If you’ve got a college kid, I’m all for mac and cheese, microwave popcorn, spaghetti-o’s, chips, and beef jerky, but I’m sure you could hunt down some ramen, too.  Now, if you’re low on time for the holiday weekend with no time to spare, there’s nothing unacceptable about chocolate!  Who doesn’t love chocolate?  I’m a big fan of those Reese’s peanut butter eggs and those candy-coated Hershey chocolate eggs that are almost impossible to find these days.  Not afraid to break out the sour gummy bunnies, either.  And if you know the person, you know whether they’re a peep show kind of guy.  Personally, you can keep your peeps to yourself, but did you see they now come on their own pole?  Well, technically, it’s a lollipop stick, but it sounds more fun to call it their stripper pole.

However, you may be thinking to yourself that nobody in your house, or around you, needs any candy.  For shame!  Okay, so we don’t need the added pounds, and if that’s the case, skip the chocolate (I can’t believe I just said that!!!).  Last time I checked, the hippity hop hare was down with other treats, too.  Need a little help?  I’m on it!

First off, nothing says l love my husband like a 6 pack a beer (unless it’s a 24 pack of beer).  Who doesn’t like a basket of beer and pretzels (well, besides me)?  Beer not appropriate for Easter in your mind?  That’s fine.  There’s always books and magazines with bubble bath and candles for the ladies.  I’m a big fan of flip-flops, sun tan lotion, and bug spray.  Love me some summer!  And always like when Easter gifts are useful – you know, not the giant carrot decoration that says “Happy Easter!” that sits in your storage area for a year and then you forget to get it out before Easter only to hear your husband say on a monthly basis that you have too much crap.  Just sayin’.  And if you really wanna get useful, go with the basket of man panties and socks for the hubs or a beach towel and mini umbrellas for your best friend.  Nothing wrong with baskets of fishing lures, golf balls, or pansies (the flowers, not the unmanly types), either.

The Easter Hare is all about celebrating our blessings and the people around us are those blessings.  They put up with us.  They love us.  They bail us out when we get drunk and disorderly.  They order pizza to celebrate our 20 pound weight loss (lol).  They even listen to us vent about all the stupid people who don’t do what we wanted them to do when everyone else knows we are exactly right about everything!

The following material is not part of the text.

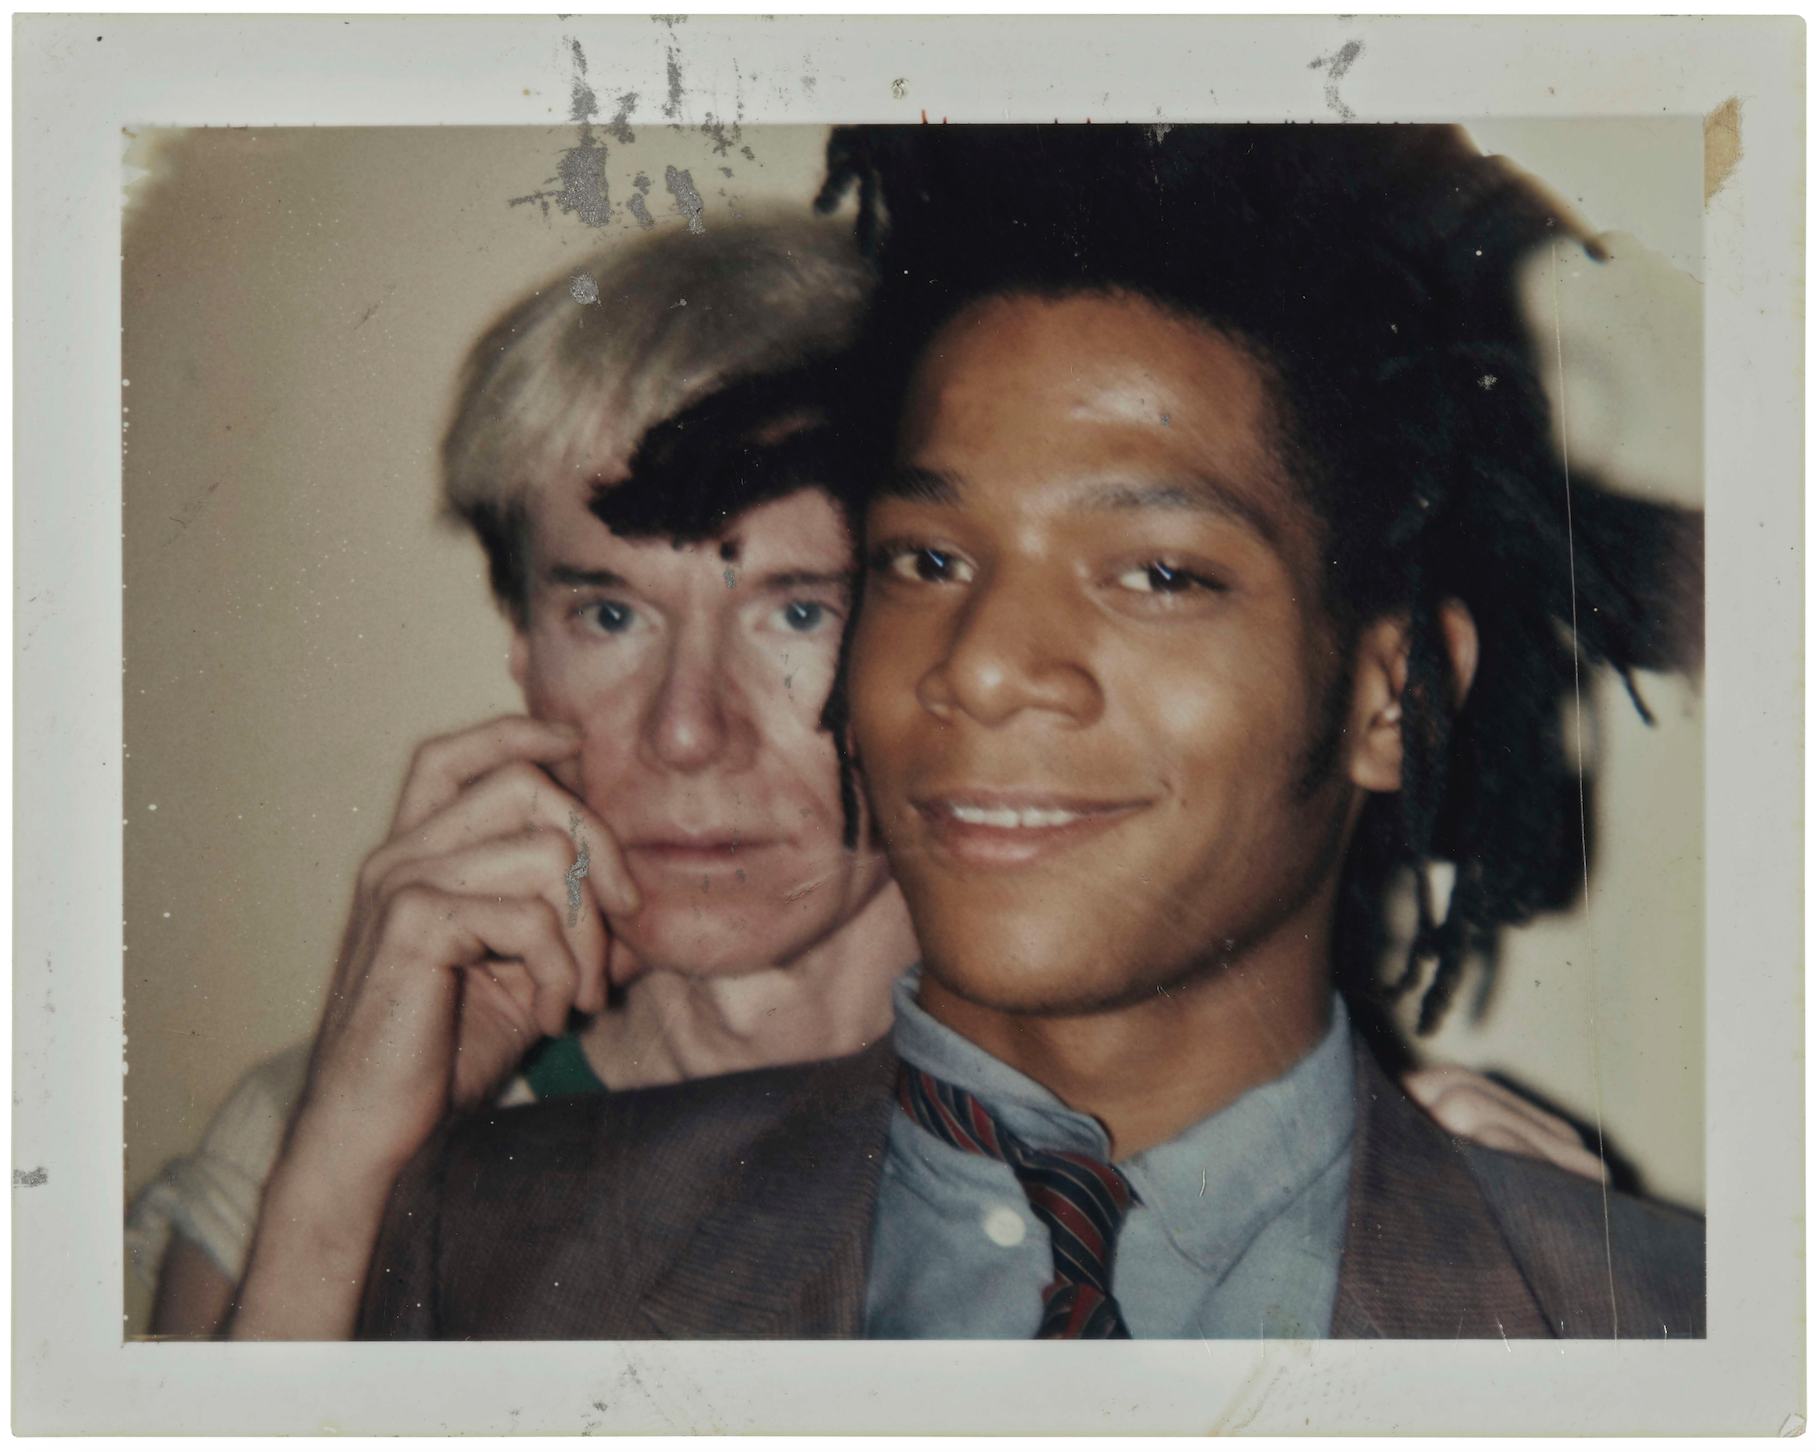 Basquiat x Warhol, Painting Four Hands at Fondation Louis Vuitton

The Easter Hare knows that we may be grown up, but we’re not too old for surprises, or treats, or getting that fuzzy feeling that somebody loves us.  Listen, he’s not even above a mini bar bottle egg hunt if you need to.  Plus, I’ll let you in on a little secret.  Getting to be the Easter Hare gives you that same winter-afternoon-tummy-full-ready-for-a-well-deserved-nap kind of feeling, too.  You can’t help be a little happy at other people’s happiness, but if you decide to dress up as the Easter Hare, well, we’ll see you on YouTube I guess.  Until then, Happy Easter!